▸ Task item
For the entries below, the result should be an exact transcription of the lines from the one with "食の悩みを管理栄養士が直接解" up to and including the one with "Pushkar, Inde - 19", and only those.

▸ Excerpted data
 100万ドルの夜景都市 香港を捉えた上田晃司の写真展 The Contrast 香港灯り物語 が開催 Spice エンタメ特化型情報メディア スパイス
---
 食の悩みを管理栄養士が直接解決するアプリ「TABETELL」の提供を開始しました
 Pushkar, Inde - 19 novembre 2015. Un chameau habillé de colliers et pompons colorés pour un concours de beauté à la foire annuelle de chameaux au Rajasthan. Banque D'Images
--
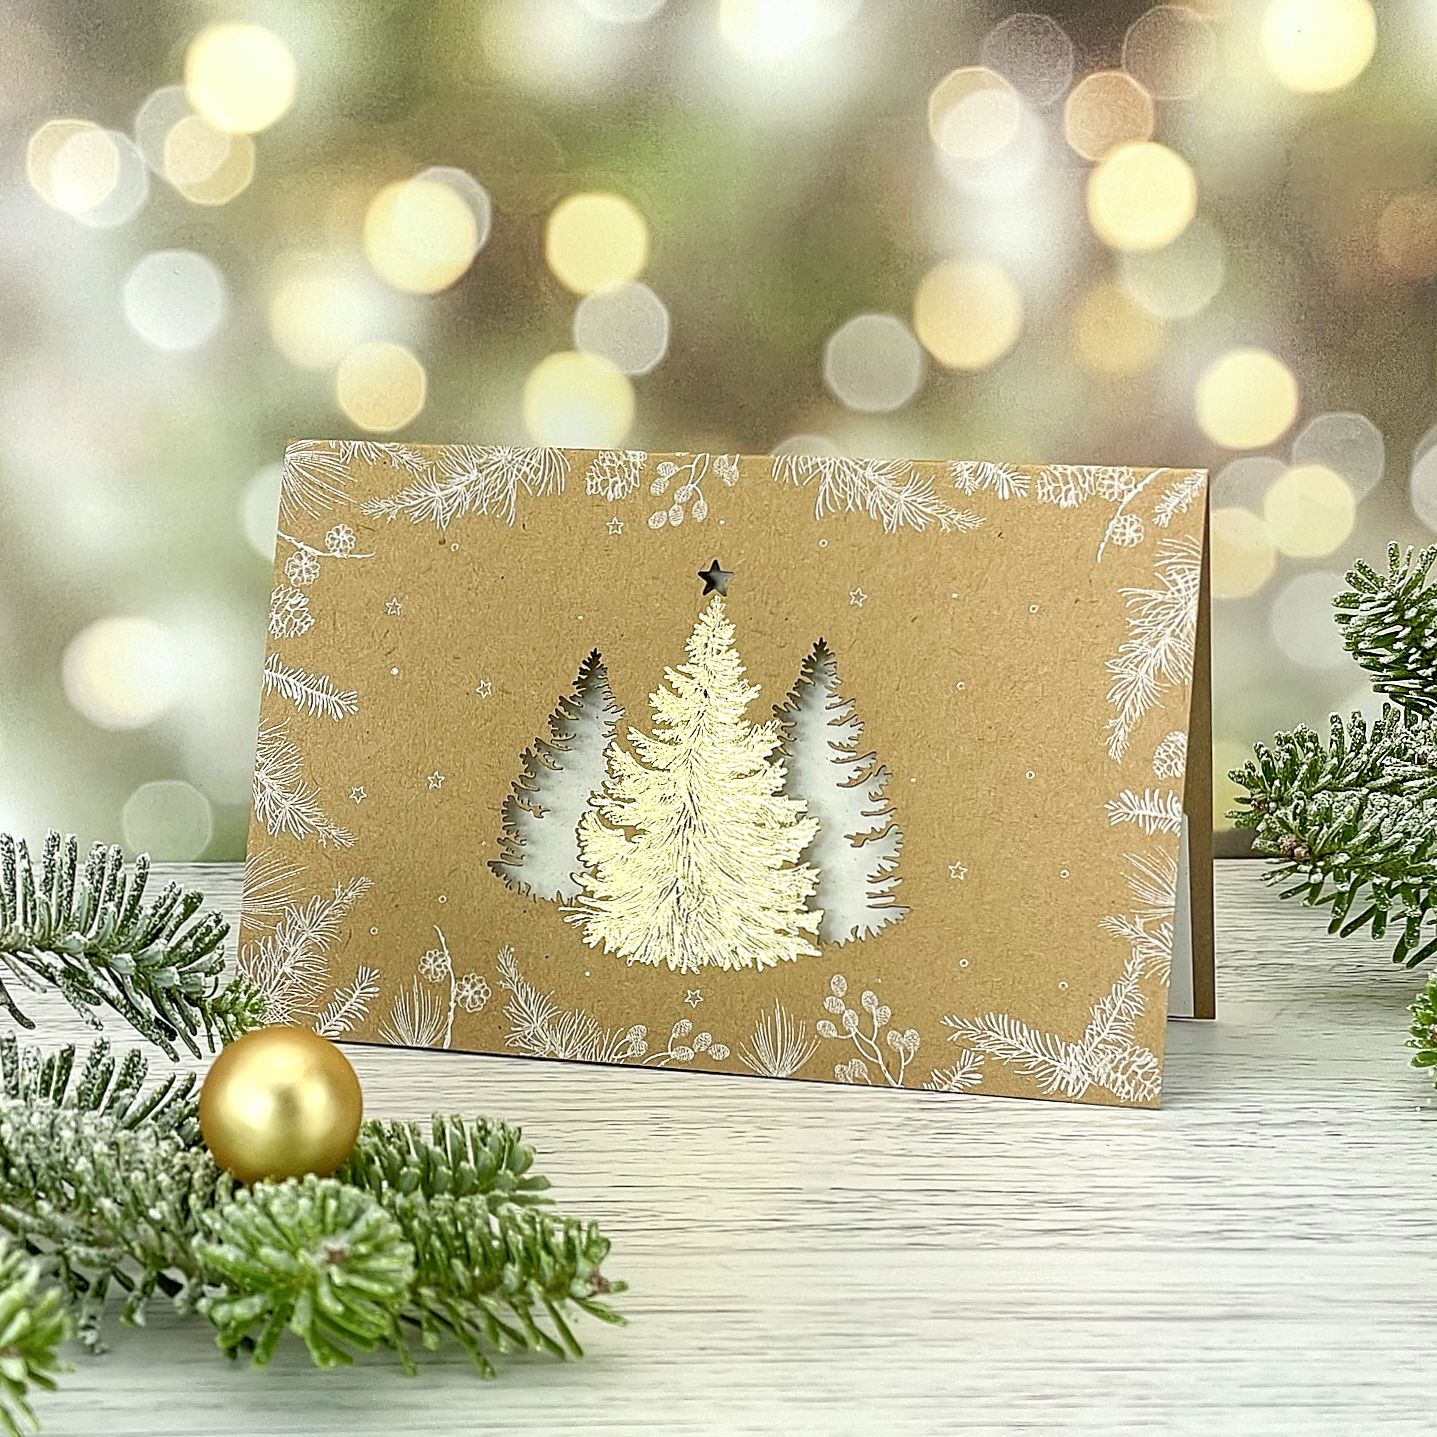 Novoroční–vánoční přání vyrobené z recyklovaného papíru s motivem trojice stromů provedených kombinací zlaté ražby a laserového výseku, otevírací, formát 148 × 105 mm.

▸ Expected answer
 食の悩みを管理栄養士が直接解決するアプリ「TABETELL」の提供を開始しました
 Pushkar, Inde - 19 novembre 2015. Un chameau habillé de colliers et pompons colorés pour un concours de beauté à la foire annuelle de chameaux au Rajasthan. Banque D'Images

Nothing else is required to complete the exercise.